FPS
gbliao opened this issue · comments
Thanks for your great work! We are very interested in the FPS mentioned in the paper. However, after running the code in speed_test.py, we have the following confusion.
(1) The paper mentions using a single 2080Ti GPU to test and get a 450 fps speed, but actually running the self-defined tensor with a batch of 20 in speed_test.py on a single 2080Ti will out of memory. So, how can we get the 450fps on a single 2080Ti GPU?
(2) We found that a self-defined tensor is used for inference speed testing in speed_test.py, which is different from the process in test.py that uses an actual image. The comparison is perhaps unfair. So we are very curious what the exact FPS result would be in test.py with a batch of 1. And what about including the ‘’torch.cuda.synchronize()‘’?
Moreover, can you provide the FLOPs of the MobileSal model? We think this result makes the comparison more comprehensive. Thank you very much!
Thanks for your timely reply! Our running environment:
Intel(R) Xeon(R) Gold 6148 CPU @ 2.40GHz
Linux version 4.15.0-45-generic (buildd@lcy01-amd64-027) (gcc version 5.4.0 20160609 (Ubuntu 5.4.0-6ubuntu116.04.10)) #4816.04.1-Ubuntu SMP Tue Jan 29 18:03:48 UTC 2019
python 3.6.7
torch 1.5.1+cu101
torch-nightly 1.0.0.dev20181123
torchstat 0.0.7
torchvision 0.6.1+cu101
I have tested the GFLOPS of MobileSal a long time ago. Given the input of size 224×224, it is about 0.4GFlops. Since I am currently on a vacation, I will test mobileSal again with the precise number of GFLOPS in the next week. Thank you for your patience!
…
在 2022年4月30日,11:26,gbliao @.***> 写道: Moreover, can you provide the FLOPs of the MobileSal model? Thank you very much! — Reply to this email directly, view it on GitHub, or unsubscribe. You are receiving this because you are subscribed to this thread.
Thanks! We are curious about the GFLOPs with the input of 320x320 as mentioned in the paper. And we can discuss the above issues together after the holidays. Have a nice holiday!
The number of GFLOPS & FPS for different input sizes is as below:
Input Size | GFLOPS | PyTorch FPS (bs=20, fp32, RTX 2080Ti) |
---|---|---|
224 x 224 | 0.76G | 900 |
320 x 320 | 1.56G | 450 |
I am also going to replement the speed issues given the specific enviroment (python=3.6, torch=1.5.1+cu101, torchvision=0.6.1+cu101). Please wait in patience :)

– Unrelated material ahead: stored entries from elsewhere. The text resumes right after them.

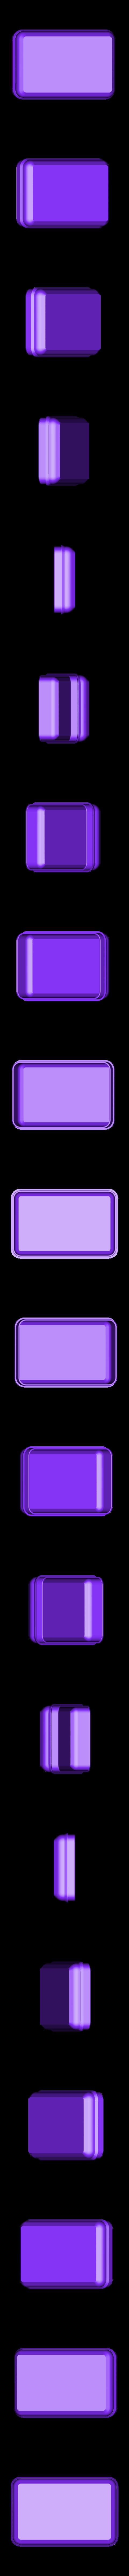 """Soapboxbottom.stl Download free STL file Soap box for 98x62x28mm """"Nesti Dante"""" soap bar • 3D printable model, glassy"""
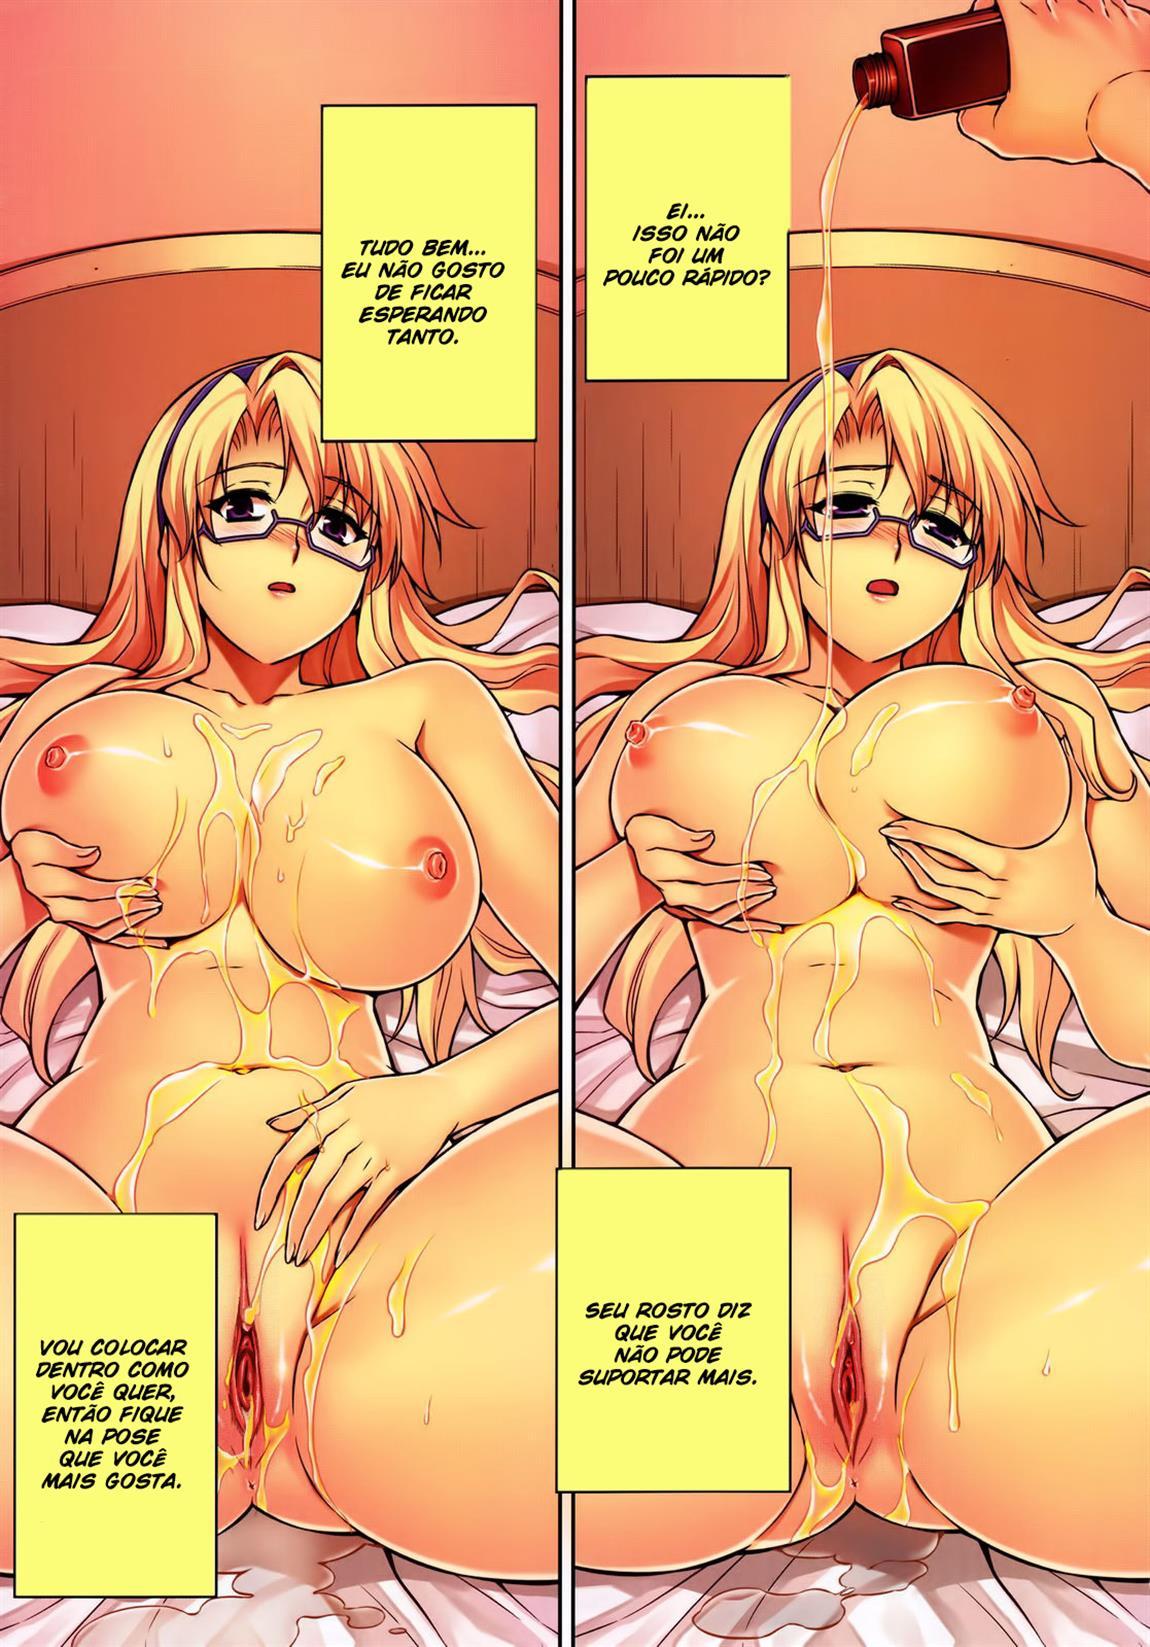 especialista em prazer sexual 15
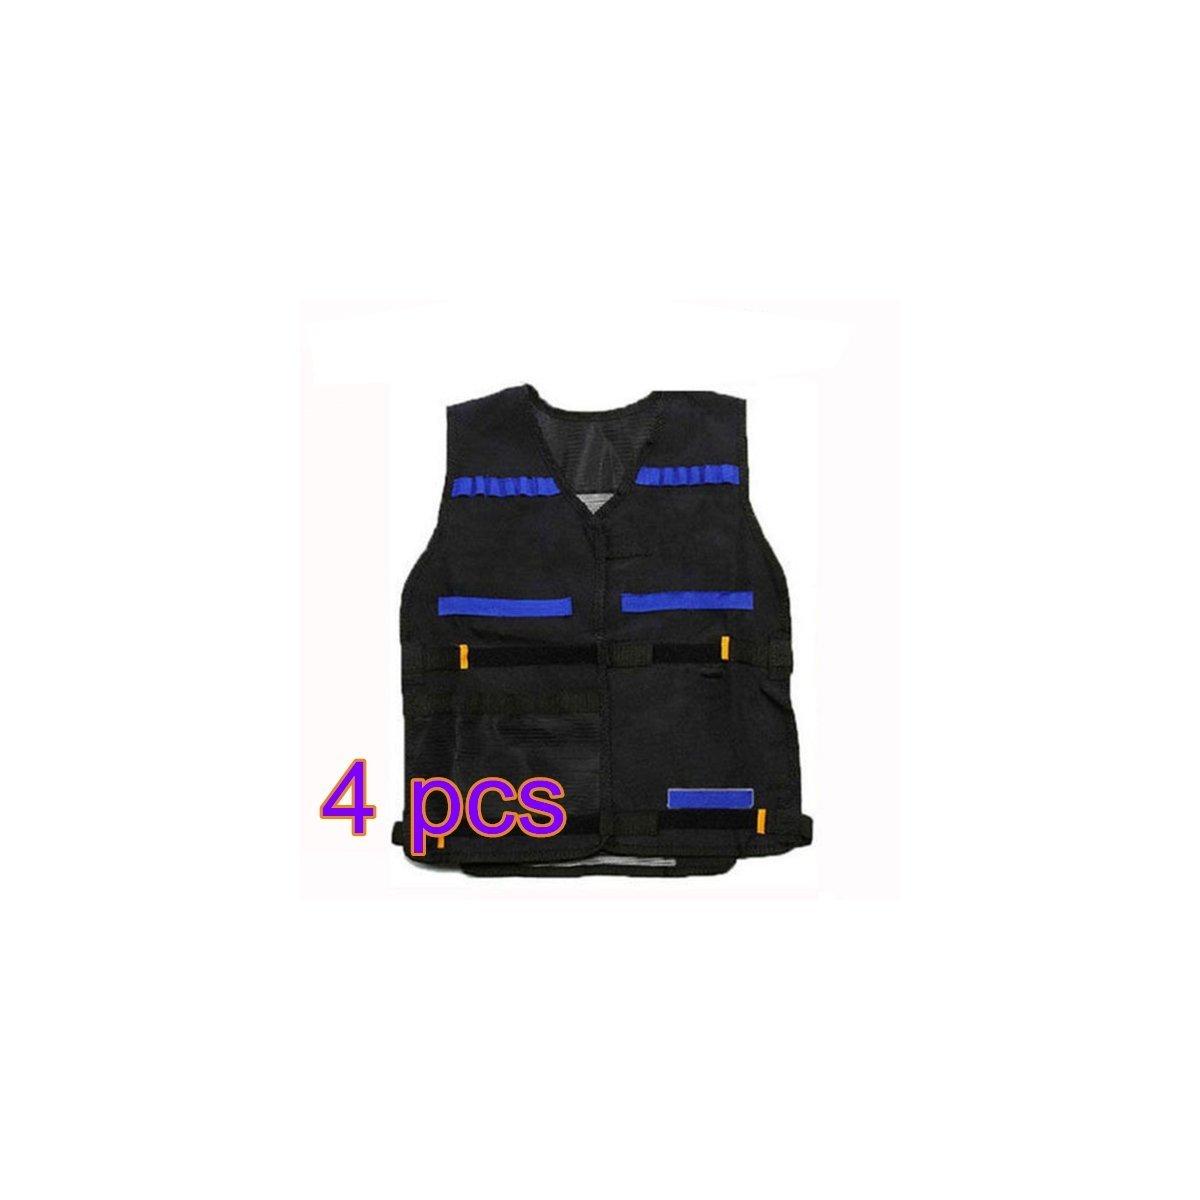 OULII Tactical Vest Adjustable for Nerf N-Strike Elite Battle Game gifts for men, Pack of 4

Thanks for your reply. We have tried testing FLOPs with the input of 320 x 320 by using thop.profile and the results are as follows.
[INFO] Register count_convNd() for <class 'torch.nn.modules.conv.Conv2d'>.
[INFO] Register count_bn() for <class 'torch.nn.modules.batchnorm.BatchNorm2d'>.
[INFO] Register zero_ops() for <class 'torch.nn.modules.activation.ReLU6'>.
[WARN] Cannot find rule for <class 'MobileNetV2.ConvBNReLU'>. Treat it as zero Macs and zero Params.
[WARN] Cannot find rule for <class 'torch.nn.modules.container.Sequential'>. Treat it as zero Macs and zero Params.
[WARN] Cannot find rule for <class 'MobileNetV2.InvertedResidual'>. Treat it as zero Macs and zero Params.
[WARN] Cannot find rule for <class 'MobileNetV2.MobileNetV2'>. Treat it as zero Macs and zero Params.
[INFO] Register zero_ops() for <class 'torch.nn.modules.activation.ReLU'>.
[WARN] Cannot find rule for <class '__main__.ConvBNReLU'>. Treat it as zero Macs and zero Params.
[WARN] Cannot find rule for <class '__main__.InvertedResidual'>. Treat it as zero Macs and zero Params.
[WARN] Cannot find rule for <class '__main__.DepthNet'>. Treat it as zero Macs and zero Params.
[INFO] Register count_linear() for <class 'torch.nn.modules.linear.Linear'>.
[WARN] Cannot find rule for <class '__main__.DepthFuseNet'>. Treat it as zero Macs and zero Params.
[WARN] Cannot find rule for <class 'torch.nn.modules.container.ModuleList'>. Treat it as zero Macs and zero Params.
[WARN] Cannot find rule for <class '__main__.IDR'>. Treat it as zero Macs and zero Params.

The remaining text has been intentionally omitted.